Analyses have been made to determine the effect upon rates if the estimates of the real estate experts for the company

were to be used throughout, and it has been found that the gas rate would be lowered a few cents and the electric rate a few tenths of a cent.

Again in Mayhew v. Kings County Lighting Co., 2 P. S. C. 1st D. (N. Y.) —, decided October 20, 1911, Commissioner Maltbie says:

In determining the fair value of the property, the Commission followed the method of taking all property in useland as well as plant-at its present value. Depreciable property was depreciated, and appreciable property (land was the only instance) was appreciated, that is, the present value of each class was taken. . . . This process was followed for every year considered and, in the case of future years, it involved an estimate of the amount of depreciation and of appreciation from year to year. The former was deducted from the fair value upon December 31, 1910, and the latter was added. In determining operating expenses year by year, an allowance to meet such depreciation was included as a charge against income, for rates should be such that the consumption of capital may be offset by deductions from income. If these processes are correct, it follows that appreciation should be placed as a credit to the estimated income. It is indisputable that if depreciation is a debit, appreciation is a credit.

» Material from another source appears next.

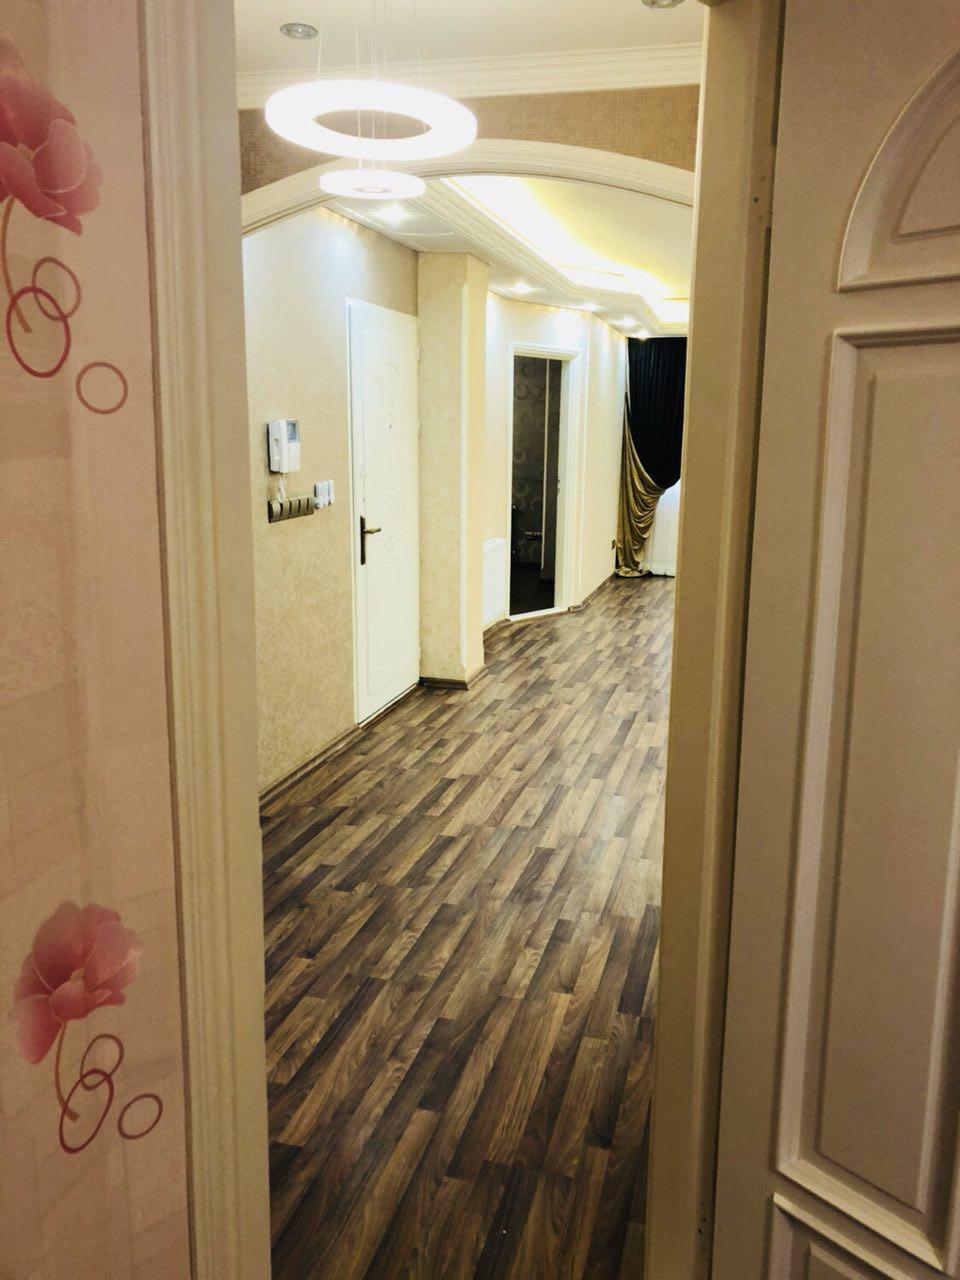 فروش طبقه سوم از آپارتمان 6 طبقه در خیابان شهرک آزادی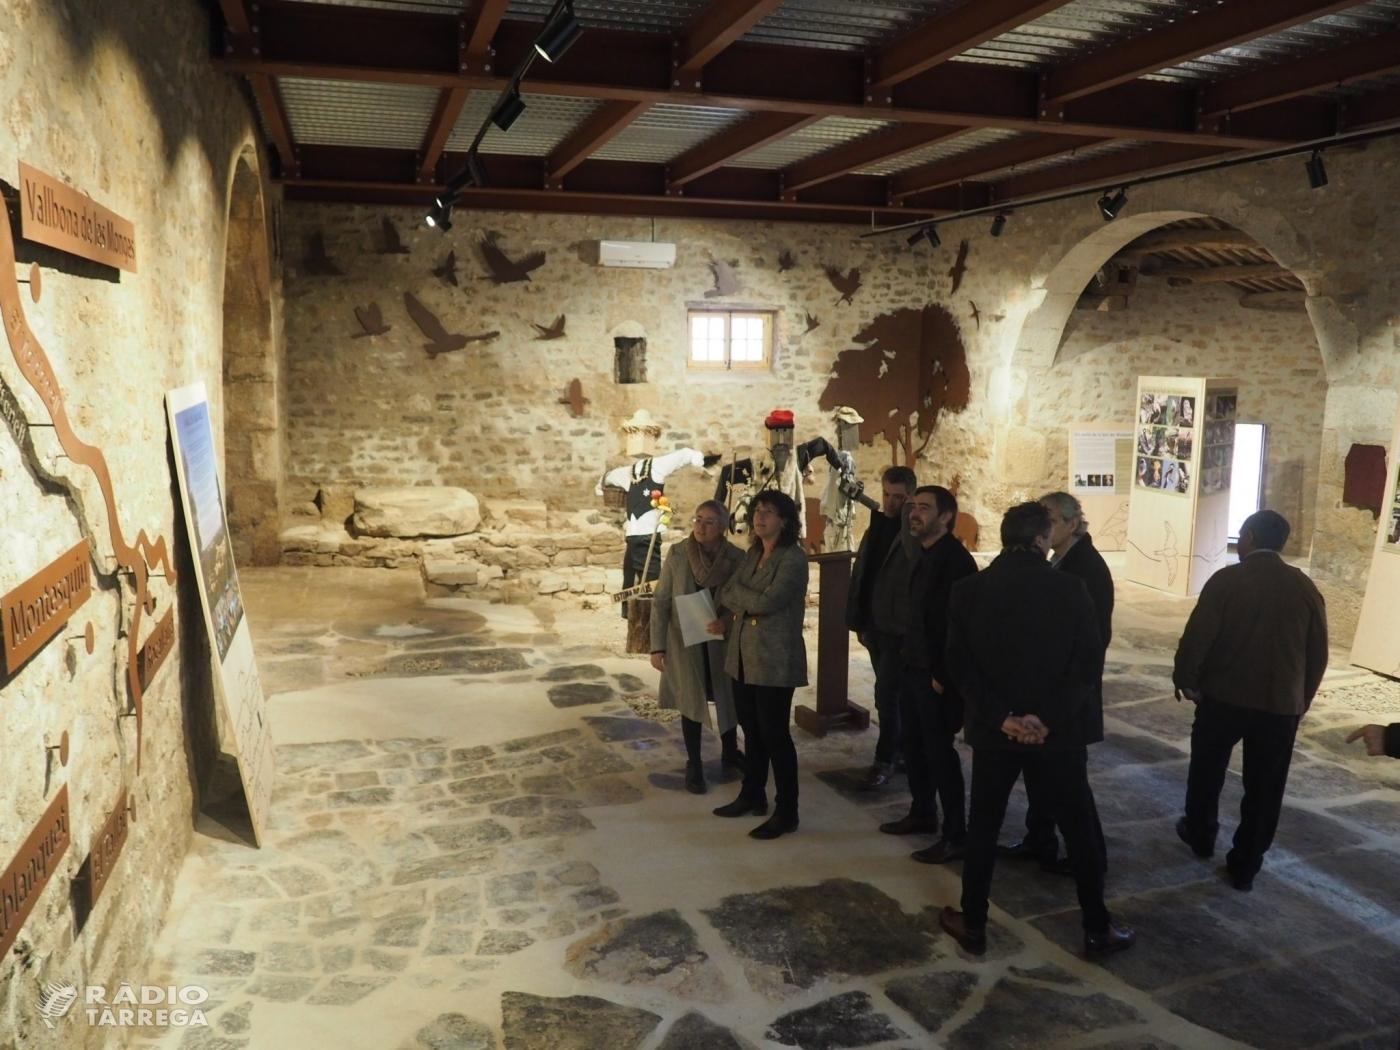 La consellera Jordà inaugura l'Espai Maldanell a Vallbona de les Monges

§ 123. Appreciation treated as income for purposes of United States corporation tax.

The United States Commissioner of Internal Revenue under date of December 15, 1911, issued a synopsis of decisions relating to the special excise tax on corporations.5 These rules provide that profits realized on the sale of real estate and also appreciation in the value of unsold property if taken up on the books shall be included in the income of the corporation subject to a special excise

'See Treasury Decisions, December 21, 1911, Vol. 21, No. 25, pp. 57-68.